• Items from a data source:
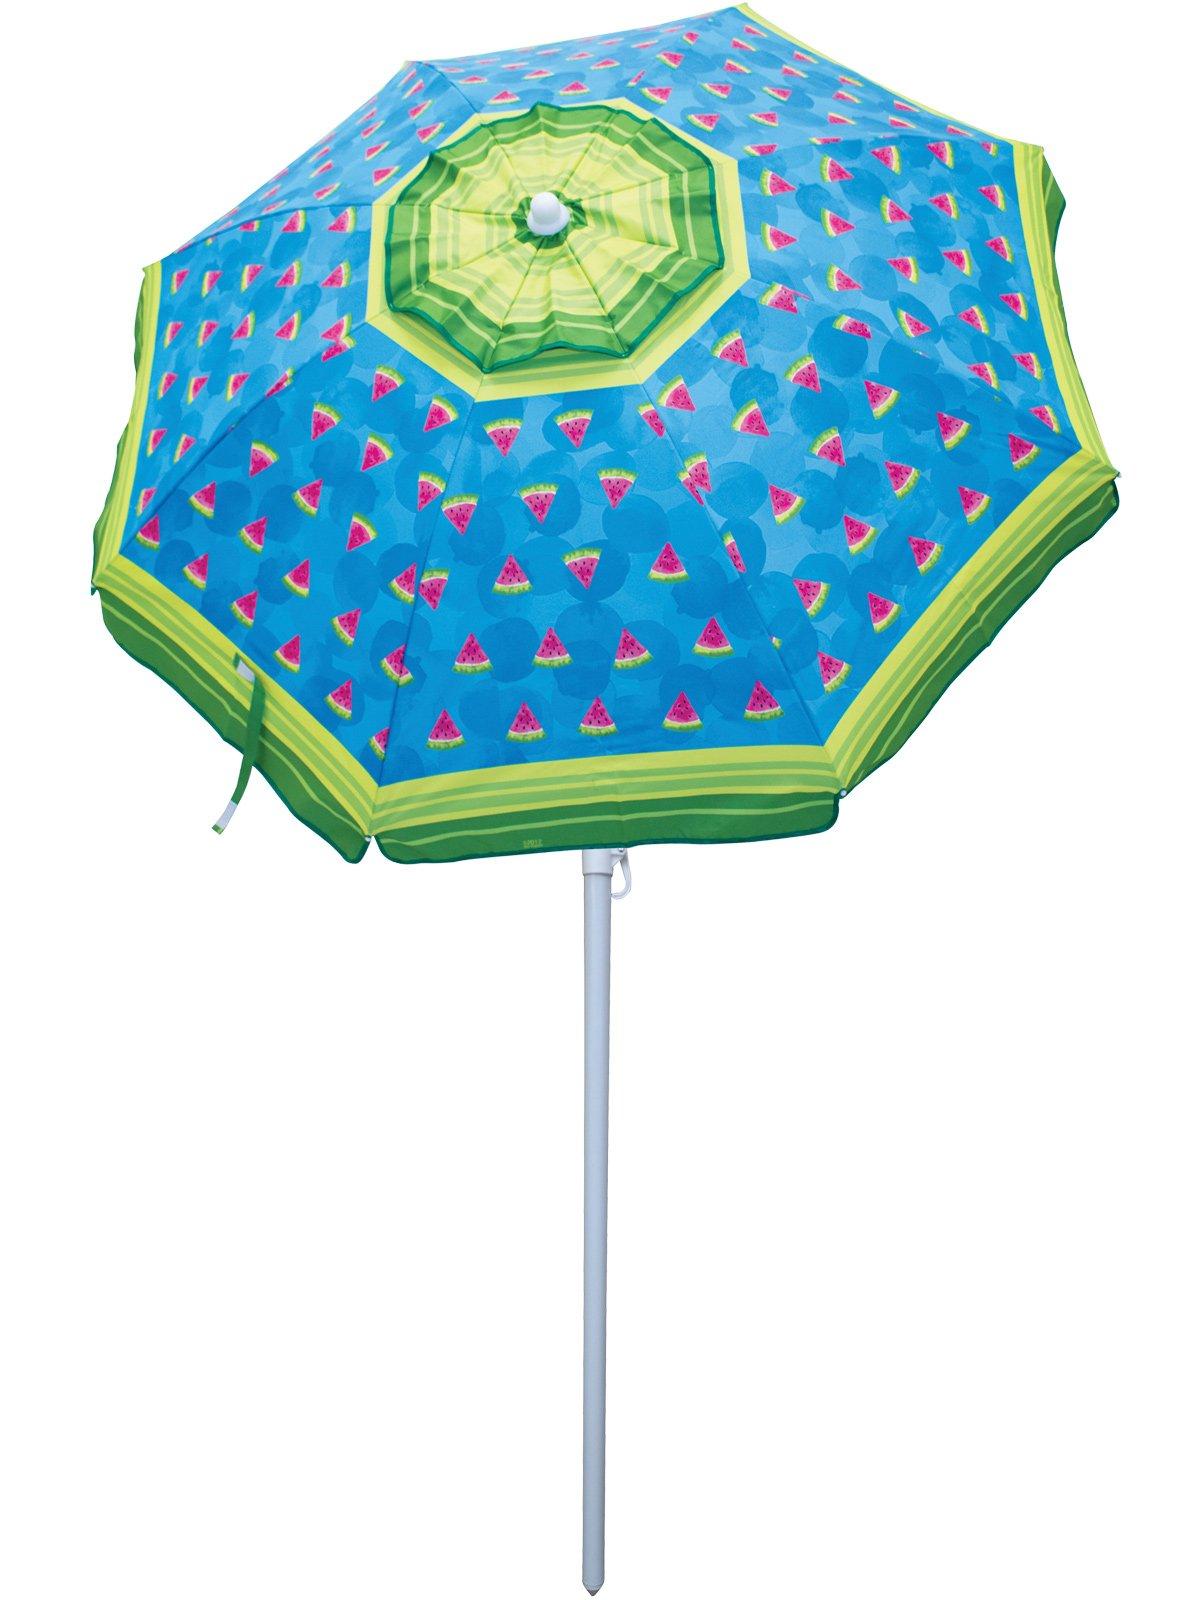 Rio Beach 6' Beach Umbrella with Sun Block, Watermelon
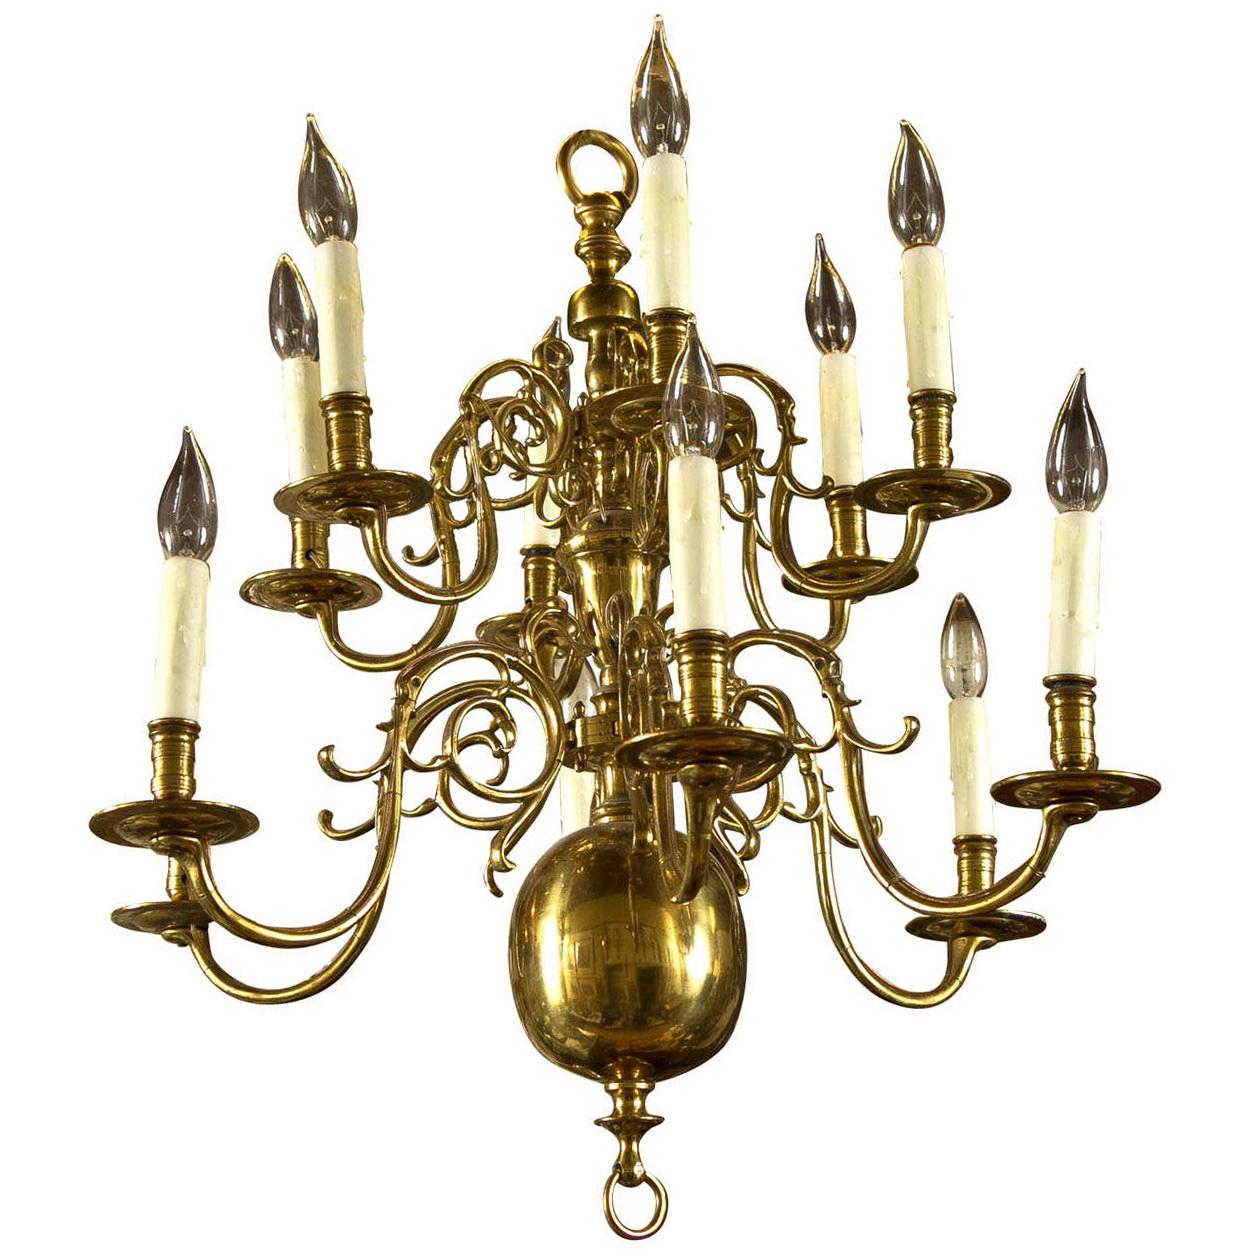 12 Light Brass Chandelier
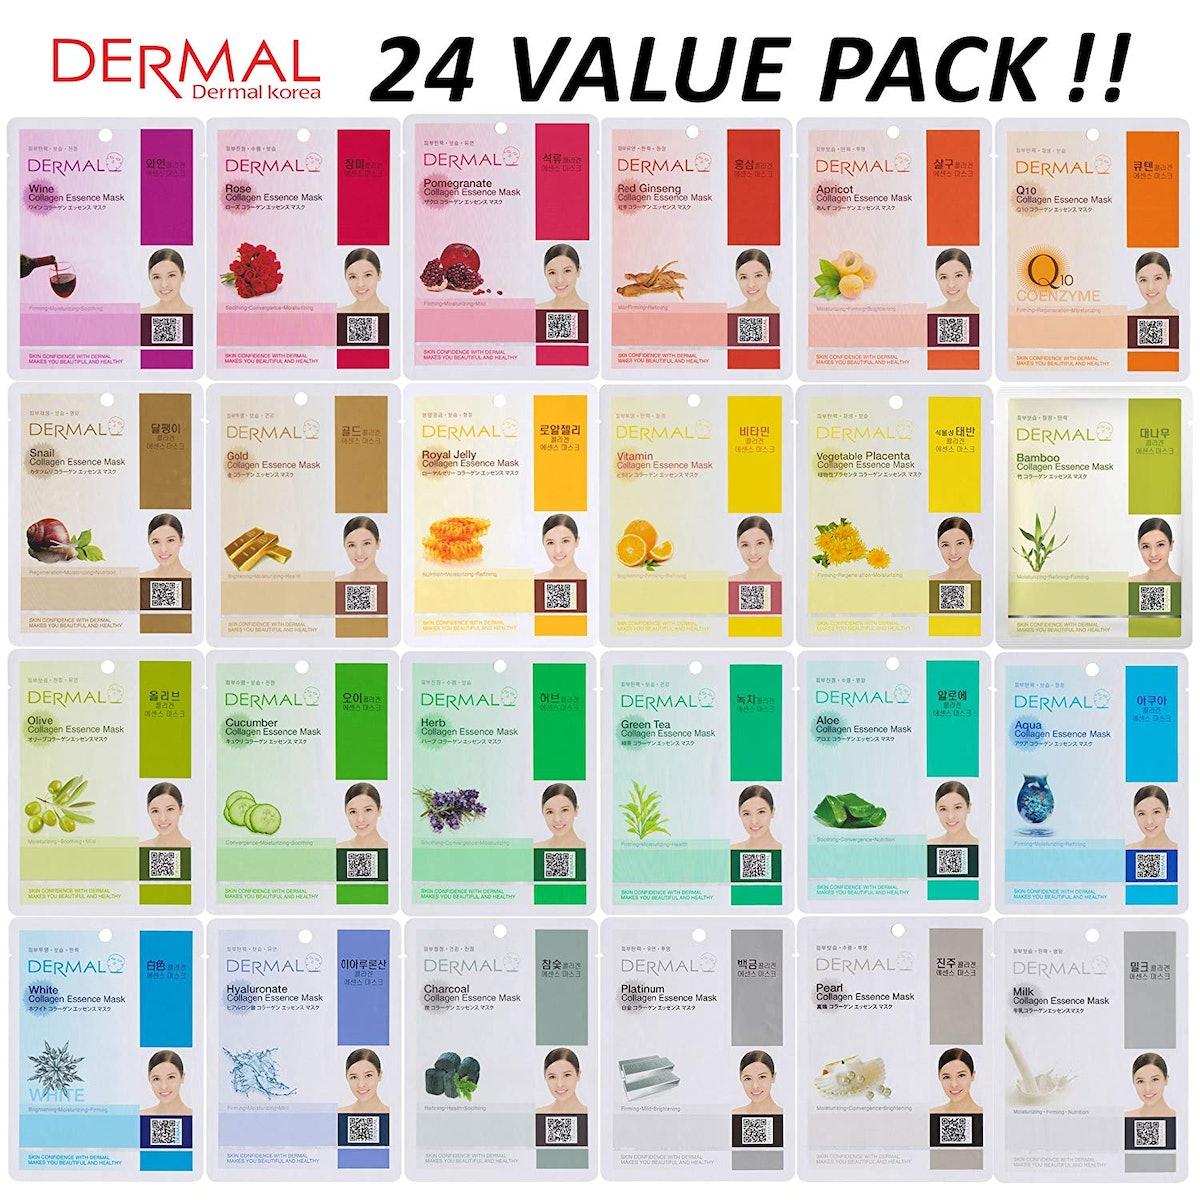 DERMAL Collagen Essence Facial Mask
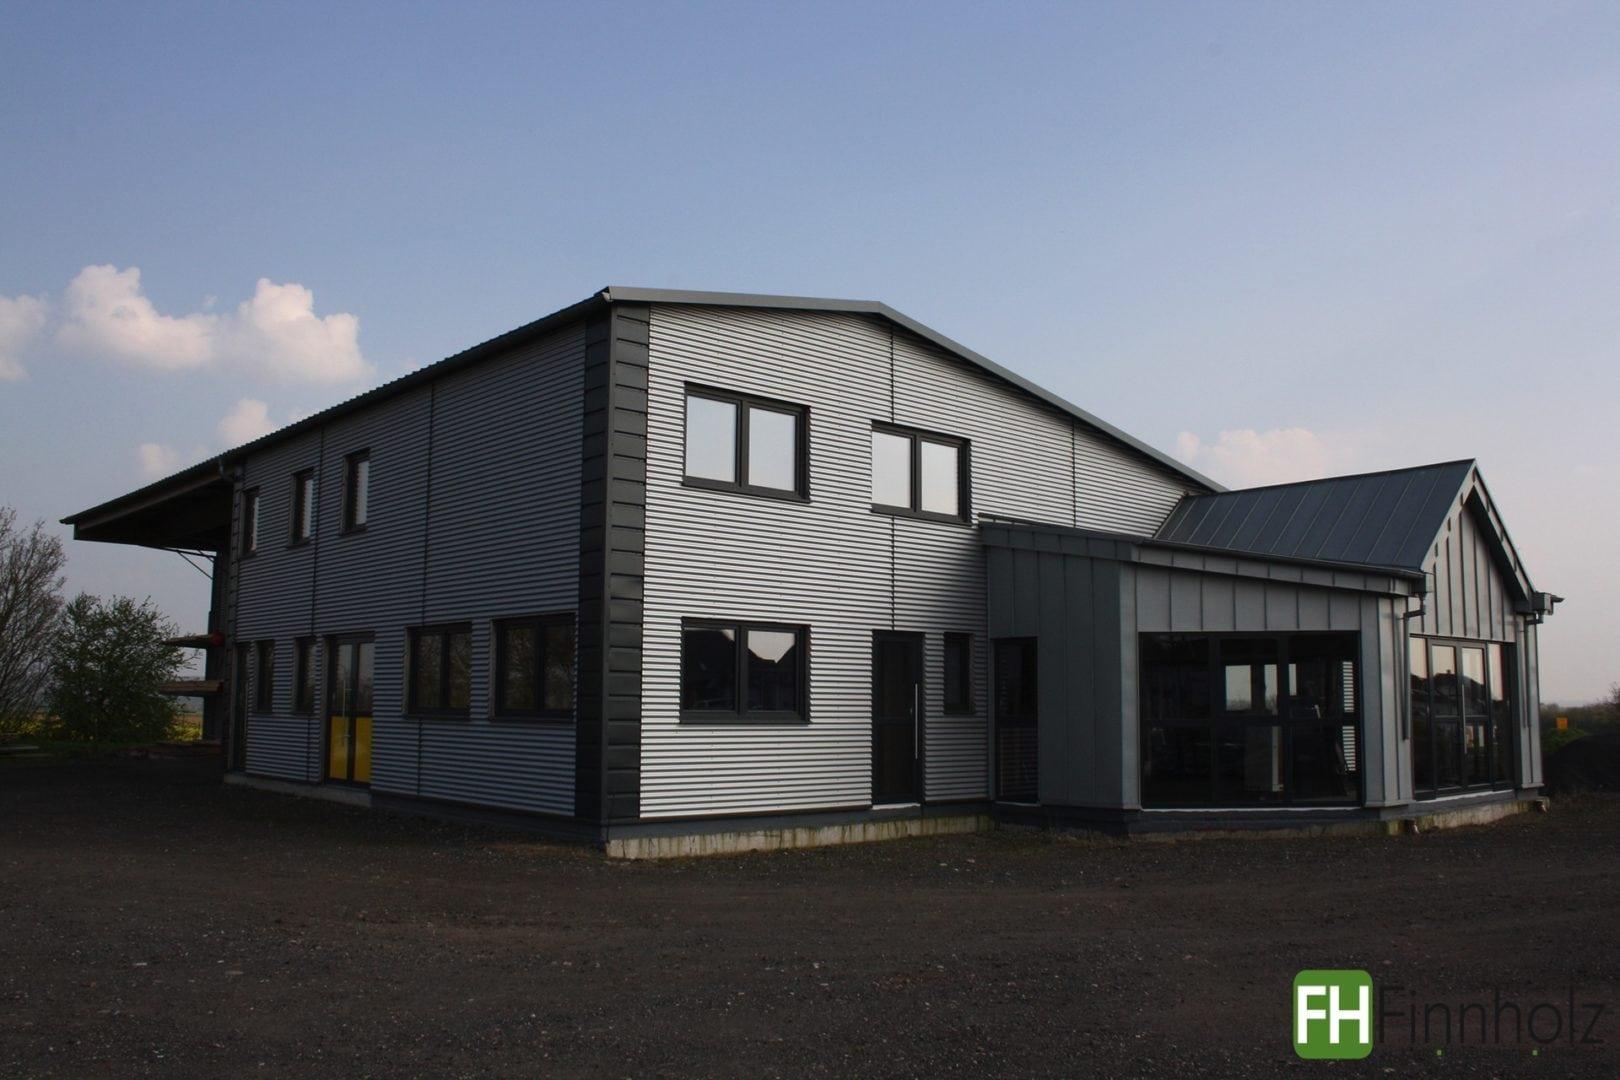 lagerhalle mit b ro in w lfersheim fh finnholz. Black Bedroom Furniture Sets. Home Design Ideas
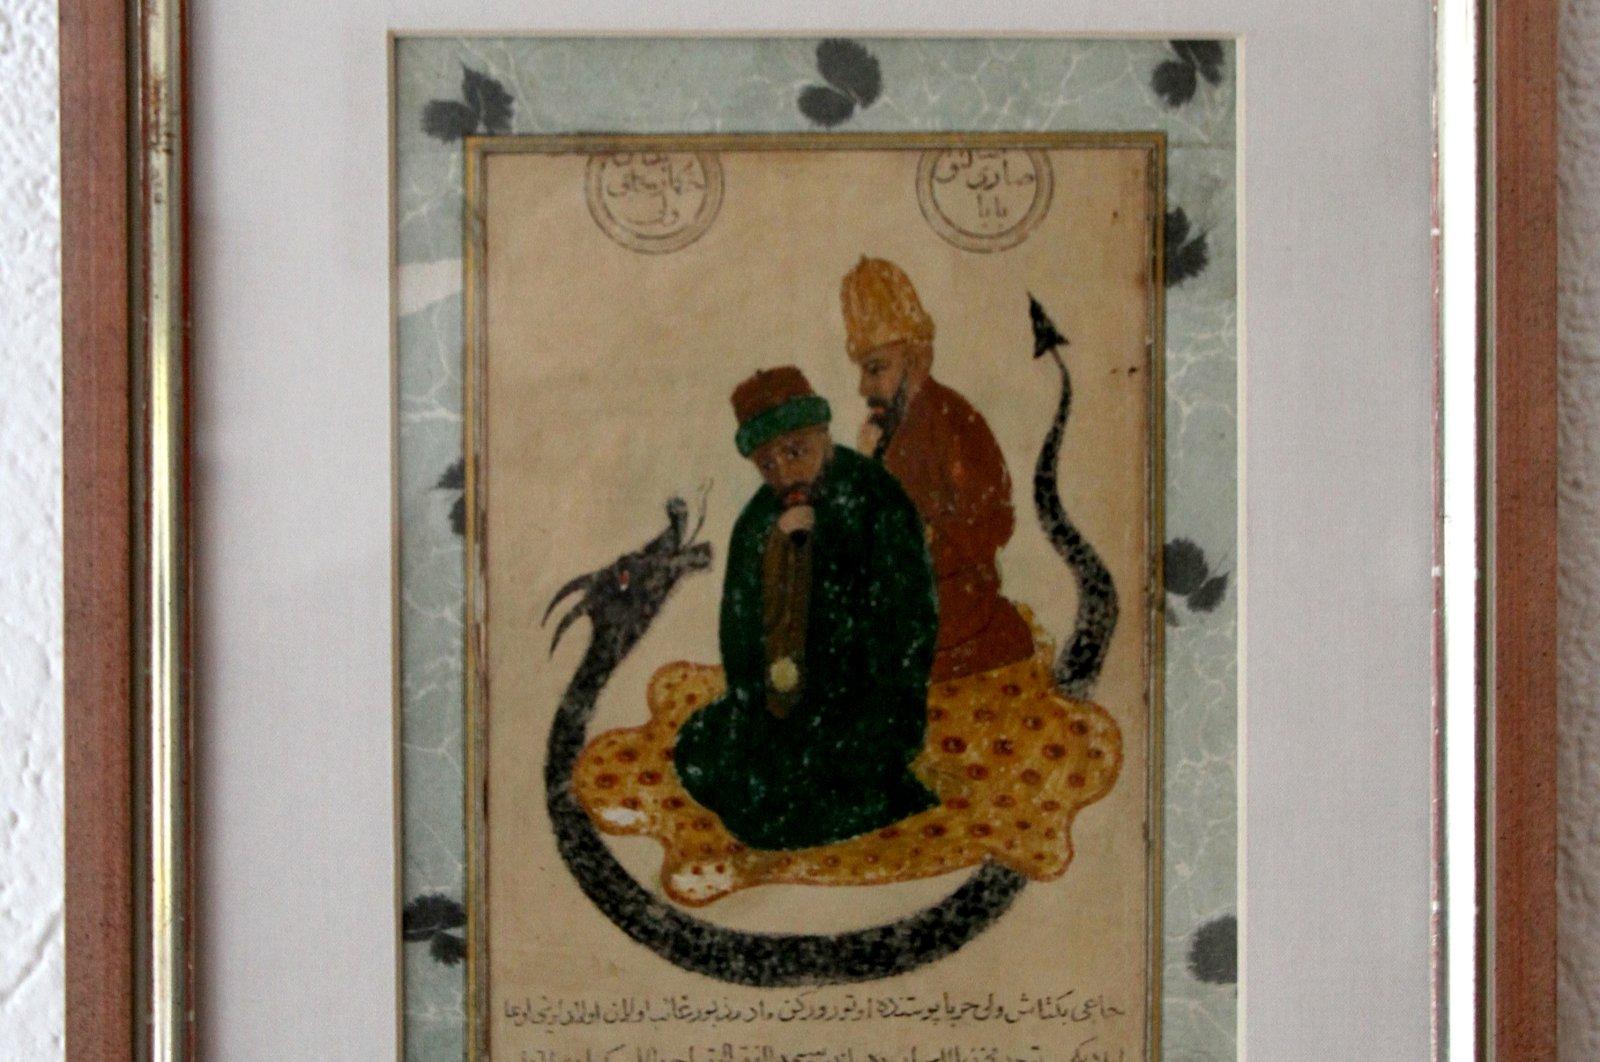 The painting depicting Haji Bektash Veli with Sarı Saltuk Baba is 22 by 17 centimeters. (AA Photo)

• Exercise requirements:
The records are to be duplicated in full and exactly, with images left out.

• Answer section:
 Rio Beach 6' Beach Umbrella with Sun Block, Watermelon
 12 Light Brass Chandelier
 DERMAL Collagen Essence Facial Mask
 lagerhalle mit b ro in w lfersheim fh finnholz. Black Bedroom Furniture Sets. Home Design Ideas
 The painting depicting Haji Bektash Veli with Sarı Saltuk Baba is 22 by 17 centimeters. (AA Photo)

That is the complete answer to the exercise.